Пыёлдин вздохнул, набрал полные легкие воздуха, чуть присел, как бывало с ним, когда он в куражливом азарте шел по кругу в полуприсяде, и вдруг заорал неожиданно для самого себя:

— Раздайся море, говно плывет!

Одобрительный, многоголосый гул был ему ответом. Гул нарастал, становился все громче, его подхватывали другие этажи, лестничные пролеты, лифтовые площадки. И вот уже от восторженного рева содрогнулась верхняя часть Дома.

Продолжать речь Пыёлдину уже не было никакой надобности. Несколькими словами, за одну секунду ему удалось подтвердить, что здесь он свой человек, что он вообще свой человек. А ответным ревом бродяги и пропойцы подтвердили, что проголосуют только за него и ни за кого больше, отдадут свои голоса, провонявшие вокзалами всей страны, человеку, который способен вот так убедительно и ярко выразить их чувства, их упования и надежды.

— Молоток, Каша! — радостно поздравлял его Брынза. — Ты им всем врезал промежду ушей!

— Куда врезал?

— Промежду ушей, Каша! Ты им промежду глаз врезал! Промежду лопаток удар нанес! Ты им промежду ног так саданул, что они не скоро, ох, не скоро разогнутся!

— Кто — они? — растерянно спросил Пыёлдин.

— Они! — И Брынза показал на несколько телевизионных камер, которые стояли на возвышении и снимали для человечества его первый предвыборный митинг.

— Как они сюда попали? — спросил Пыёлдин.

— Не думай об этом, Каша! Попали — и попали. Гори они все синим огнем. Но сегодня же, сегодня все экраны мира покажут тебя во всем блеске! И люди всей земли сразу поймут, кто из всей этой вонючей толпы претендентов и кандидатов чего-то стоит!

— Может, я того… крутовато брякнул, а? — засомневался Пыёлдин. — Может, помягче бы? Или как-то развить мысль, подать ее шире, глубже…

— В самый раз, Каша! — горячо прошептал ему в ухо Брынза. — В самый раз!

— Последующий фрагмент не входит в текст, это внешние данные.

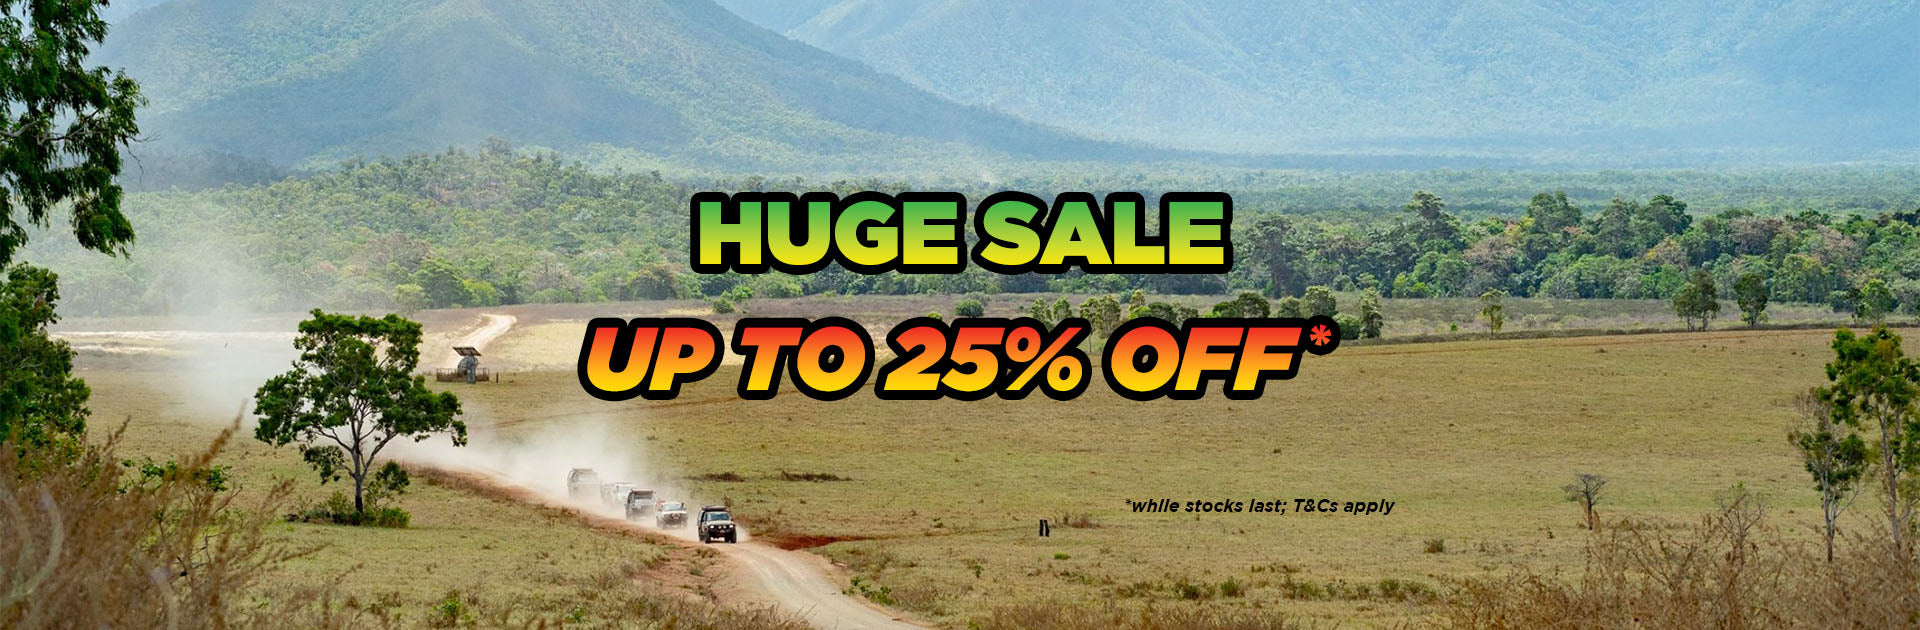 4WD 24/7 up to 25% OFF on audio, car care, oils, fluids, accessories & more

Лиля, скажи!

— Это было здорово, Каша, — тихо произнесла маленькая ссохшаяся женщина и так доверчиво, с таким восхищением посмотрела на Пыёлдина, что только сейчас он вспомнил ярко и живо ее, двадцатилетнюю, на берегу Черного моря, недалеко от Джубги, в Голубой бухте… Она была загорелая, беззаботно-веселая, безумно влюбленная в долговязого, нескладного парня. Там-то, в Голубой бухте, он и стал Брынзой — его посылали в Джубгу за продуктами, и он неизменно покупал самый дешевый сыр — брынзу…

Не в силах больше смотреть в выцветшие, пропитые глаза Лили, Пыёлдин, потупившись, поднялся на свой этаж и закрылся в кабинете Цернцица, откуда так хорошо были видны голубые и лиловые горизонты, во все стороны простирающиеся вокруг Дома.

* * *

Странные превращения происходят иногда с людьми, очень странные. Причем бывают они настолько быстрыми, что уже наутро после какой-то колдовской ночи человек становится совершенно неузнаваемым. Вроде еще вечером с ним пил водку, трепался о судьбах стран и народов, материл соседа и домоуправа, а присмотришься наутро — нет, с тобой был другой человек. Не смог бы ты этому хмырю так радостно наливать в стакан, чокнуться с ним не посмел бы, да и желания такого не возникло бы…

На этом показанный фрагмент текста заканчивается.